这个@rank的值命名为RANK字段。用这个进行排序的关键就是from 的表需要有序。
SELECT dep.Name Department, emp.Name Employee, emp.Salary
FROM (## 自定义变量RANK, 查找出 每个部门工资前三的排名
SELECT te.DepartmentId, te.Salary,
CASE
WHEN @pre = DepartmentId THEN @rank:= @rank + 1
WHEN @pre := DepartmentId THEN @rank:= 1
END AS 'RANK'
FROM (SELECT @pre:=null, @rank:=0)tt,
(## (部门,薪水)去重,根据 部门(升),薪水(降) 排序
SELECT DepartmentId,Salary
FROM Employee
GROUP BY DepartmentId,Salary
ORDER BY DepartmentId,Salary DESC
)te
)t
INNER JOIN Department dep ON t.DepartmentId = dep.Id
INNER JOIN Employee emp ON t.DepartmentId = emp.DepartmentId and t.Salary = emp.Salary and t.RANK <= 3
ORDER BY t.DepartmentId, t.Salary DESC ## t 结果集已有序,根据该集合排序
2.删除重复的电子邮箱(196)
表: Person
+-------------+---------+ | Column Name | Type | +-------------+---------+ | id | int | | email | varchar | +-------------+---------+ id是该表的主键列。 该表的每一行包含一封电子邮件。电子邮件将不包含大写字母。

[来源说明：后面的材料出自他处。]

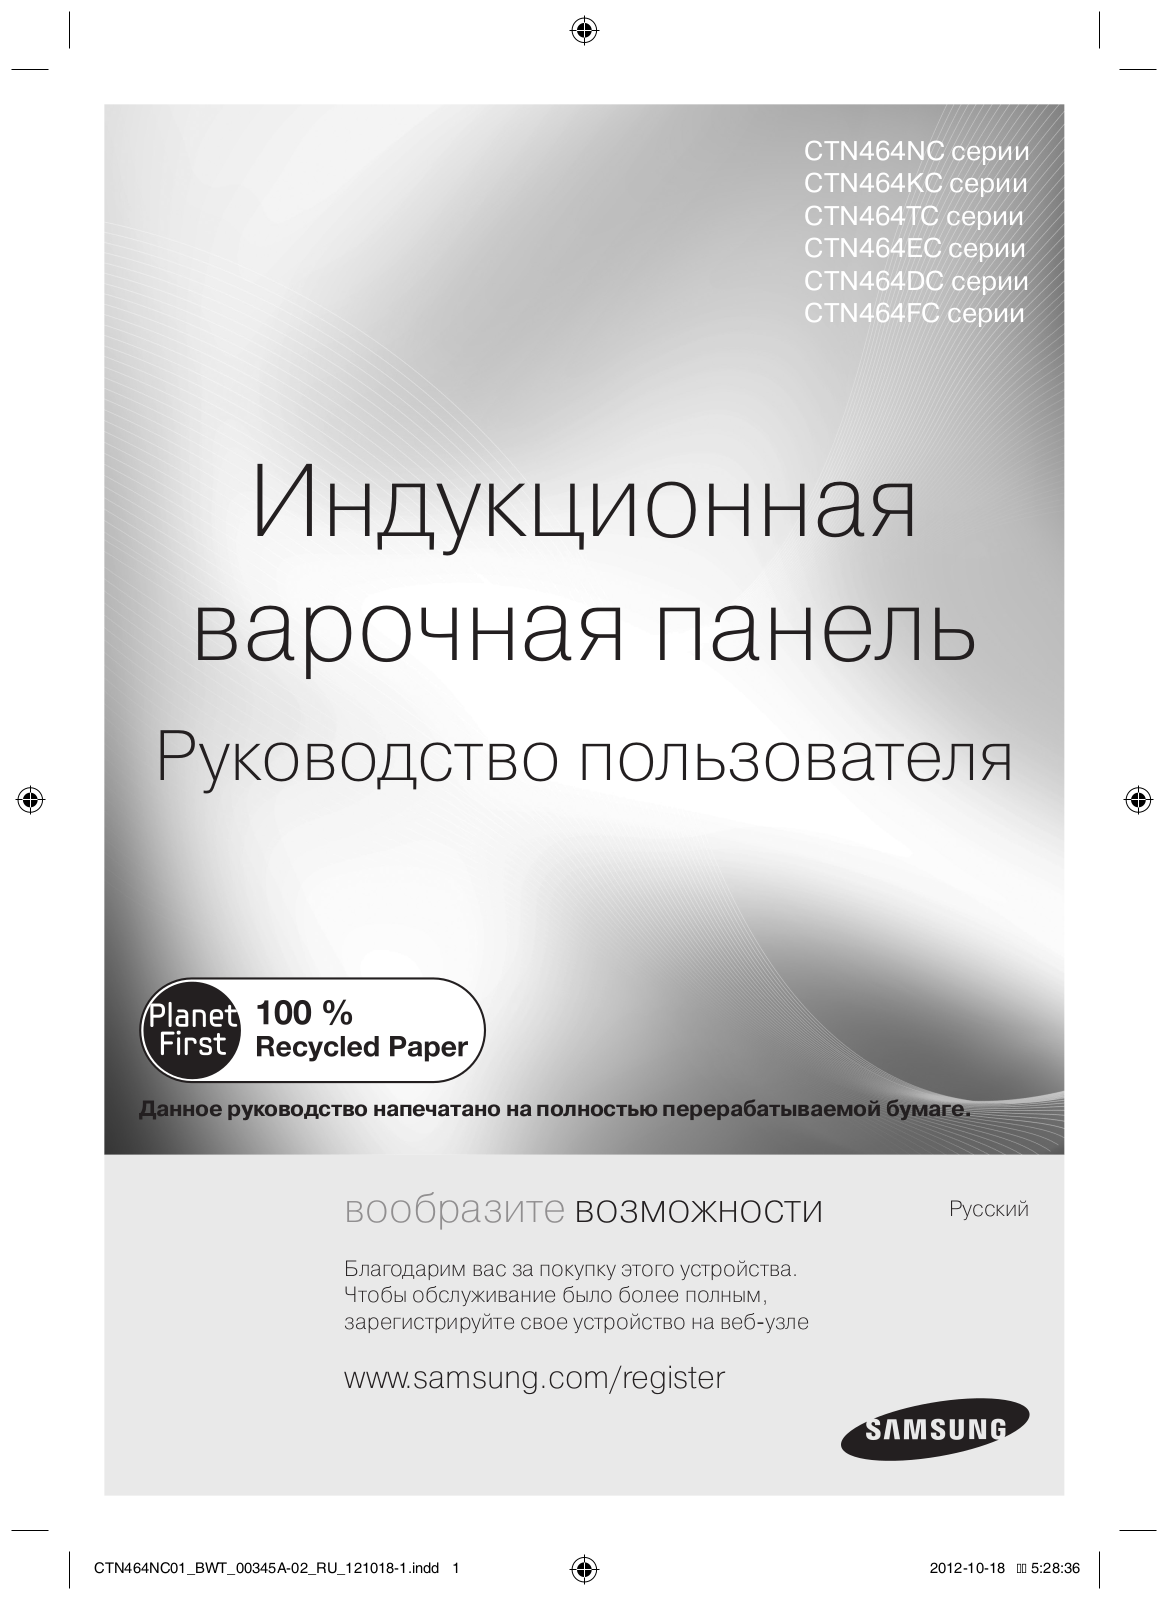 Samsung CTN464KC01 User Manual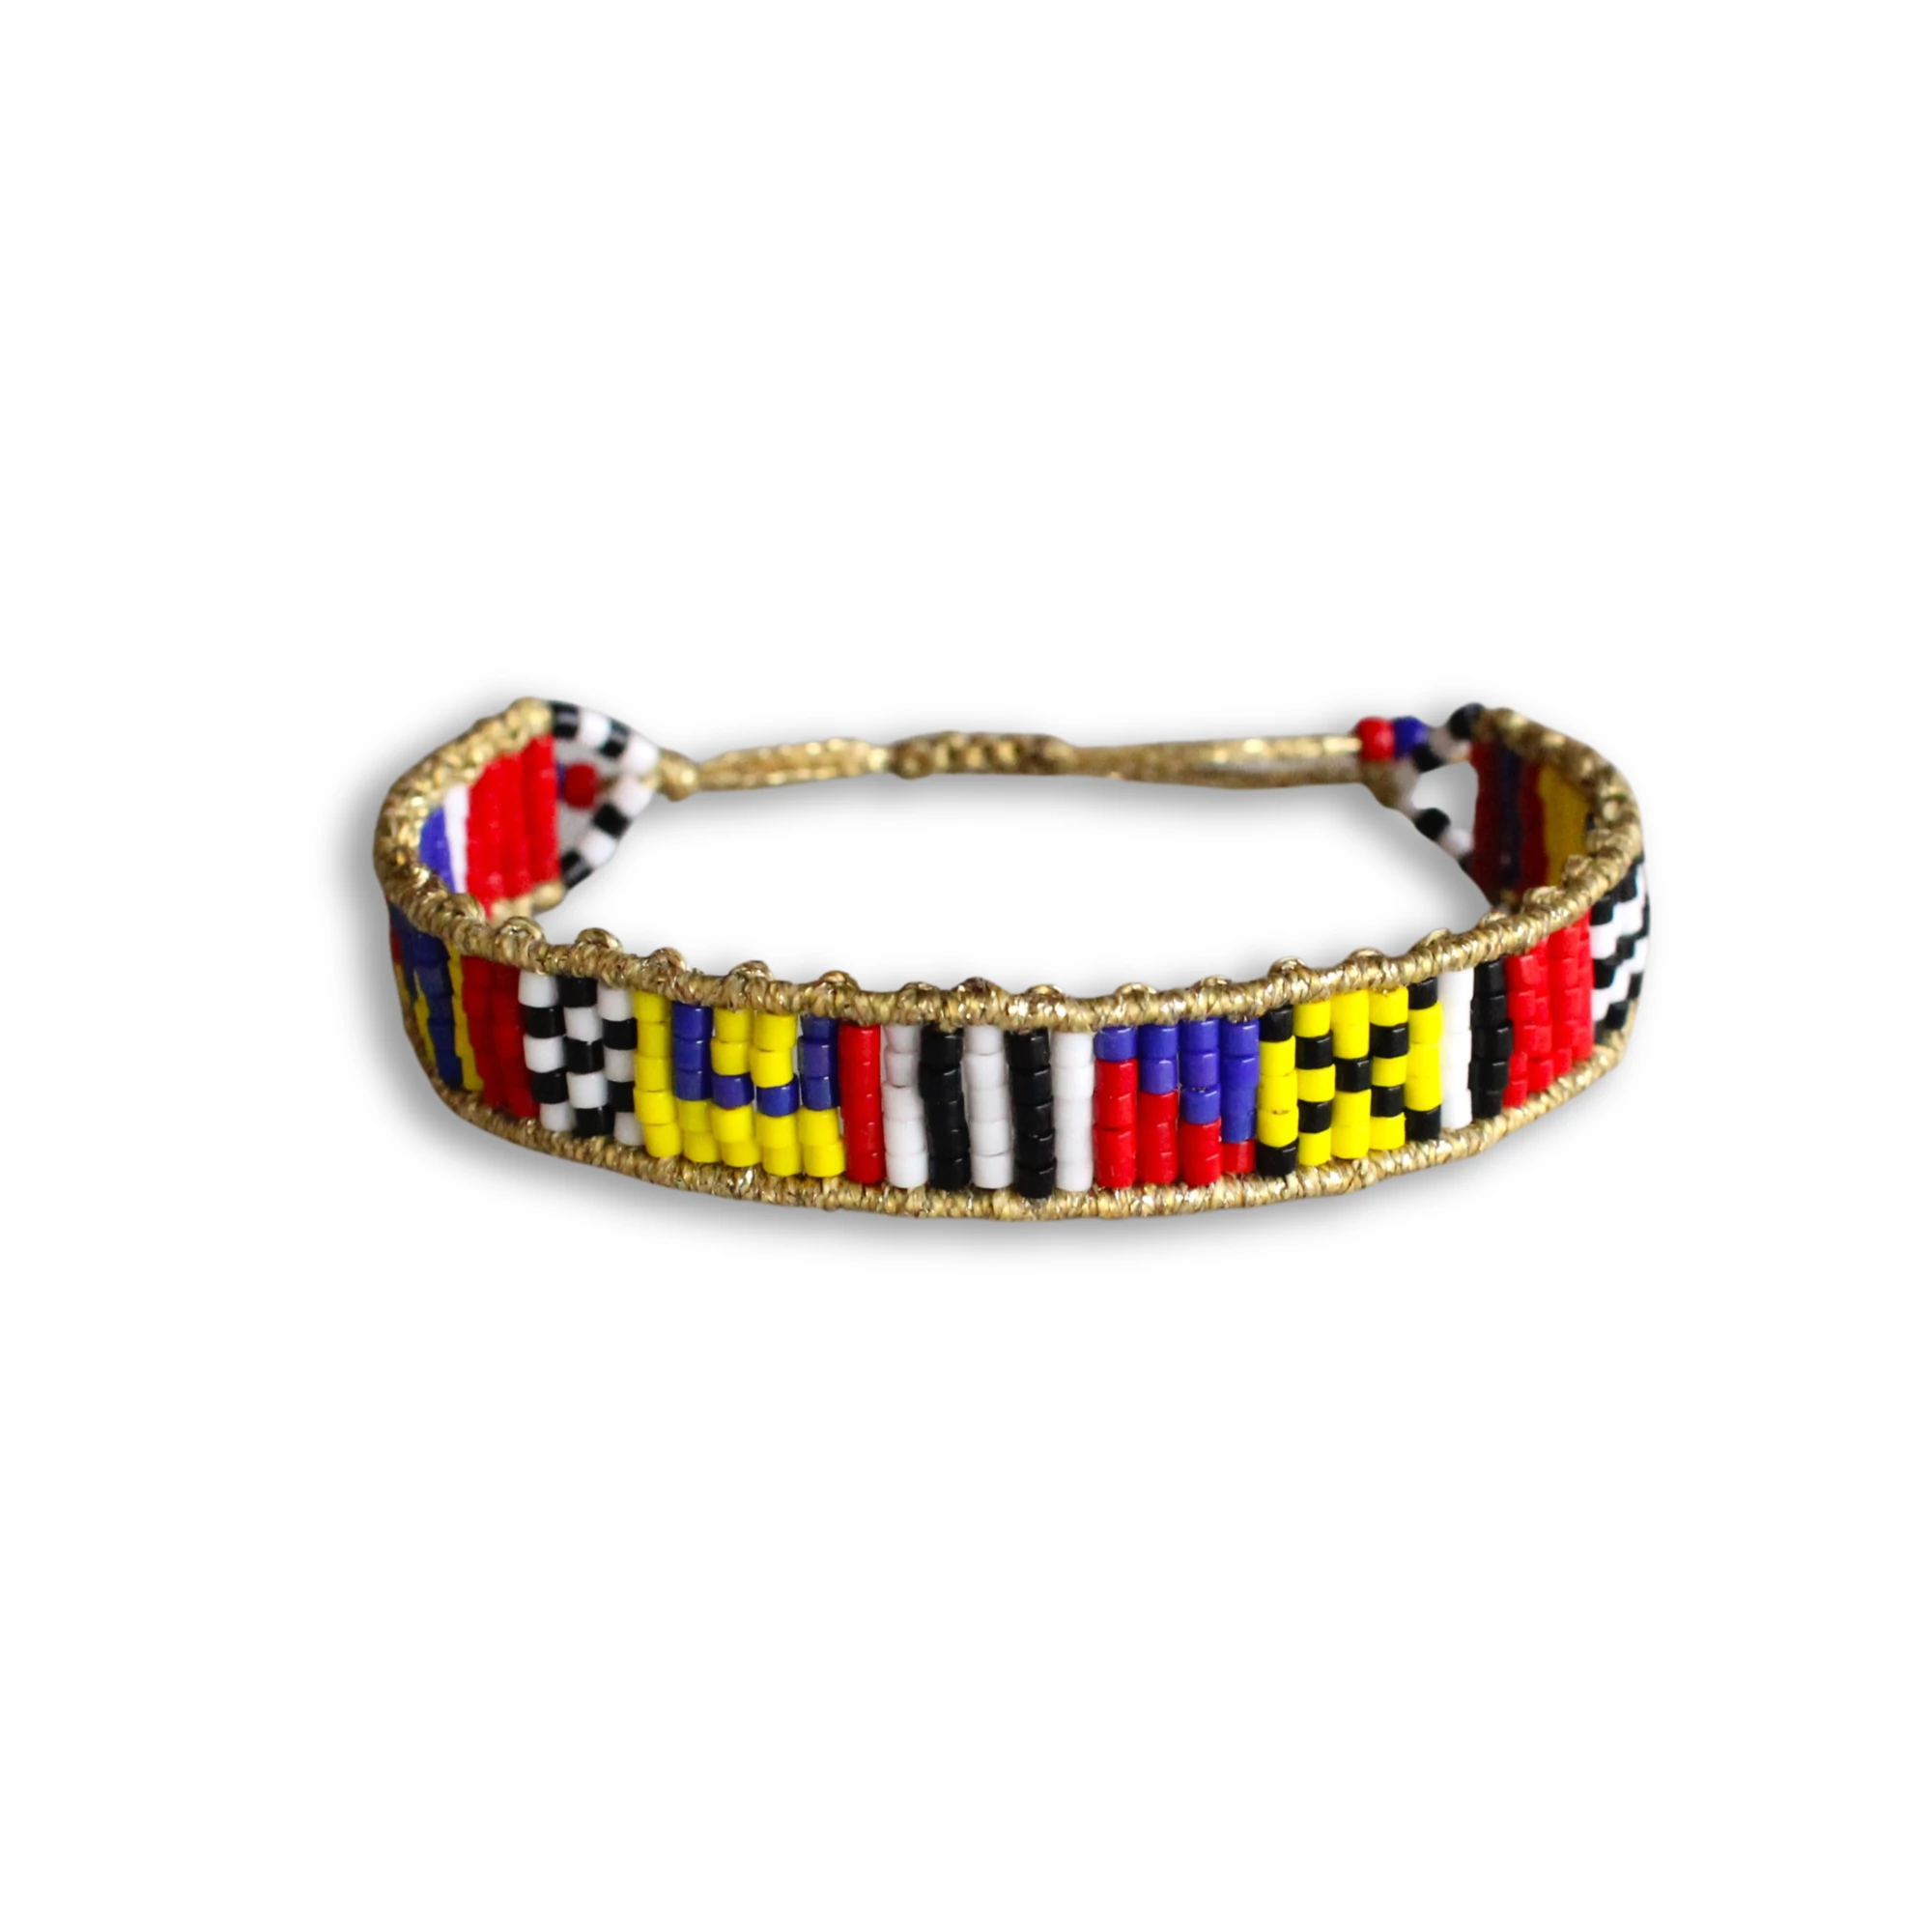 The “POP” Mosaic bracelet

编写一个 SQL 删除语句来 删除 所有重复的电子邮件,只保留一个id最小的唯一电子邮件。
以 任意顺序 返回结果表。 (注意: 仅需要写删除语句,将自动对剩余结果进行查询)
题解一
首先反向思维,找出不满足的,根据分组可以很简单找到
DELETE from Person
WHERE id NOT IN #不在满足条件内的肯定就是不满足的,直接删除
(
SELECT ID #先把满足条件的找出来
From
(
SELECT MIN(id) as ID
From Person
Group by Email
)t
)
题解二(官方解析)
# Write your MySQL query statement below
DELETE p1 FROM Person p1,
Person p2
WHERE
p1.Email = p2.Email AND p1.Id > p2.Id
3.上升的温度(197)
表: Weather
+---------------+---------+ | Column Name | Type | +---------------+---------+ | id | int | | recordDate | date | | temperature | int | +---------------+---------+ id 是这个表的主键 该表包含特定日期的温度信息
编写一个 SQL 查询,来查找与之前(昨天的)日期相比温度更高的所有日期的 id
。
返回结果 不要求顺序 。
示例 1:
输入:
Weather 表:
+----+------------+-------------+
| id | recordDate | Temperature |
+----+------------+-------------+
| 1 | 2015-01-01 | 10 |
| 2 | 2015-01-02 | 25 |
| 3 | 2015-01-03 | 20 |
| 4 | 2015-01-04 | 30 |
+----+------------+-------------+
输出:
+----+
| id |
+----+
| 2 |
| 4 |
+----+
解释:
2015-01-02 的温度比前一天高(10 -> 25)
2015-01-04 的温度比前一天高(20 -> 30)
解法一(DATEDIFF())
DATEDIFF 函数,可以计算两者的日期差
DATEDIFF('2007-12-31','2007-12-30'); # 1
DATEDIFF('2010-12-30','2010-12-31'); # -1
# Write your MySQL query statement below
select a.ID
from weather as a cross join weather as b
on datediff(a.recordDate, b.recordDate) = 1
where a.temperature > b.temperature;
解法二(TIMESTAMPDIFF())
TIMESTAMPDIFF能干什么,可以计算相差天数、小时、分钟和秒,相比于datediff函数要灵活很多。格式是时间小的前,时间大的放在后面。 计算相差天数
select a.ID
from weather as a cross join weather as b
on timestampdiff(day,a.recordDate, b.recordDate) = -1
where a.temperature > b.temperature;
解法三(ADDDATE()力扣)
select a.id
from weather a join weather b
on (a.recorddate = adddate(b.recorddate,INTERVAL 1 day))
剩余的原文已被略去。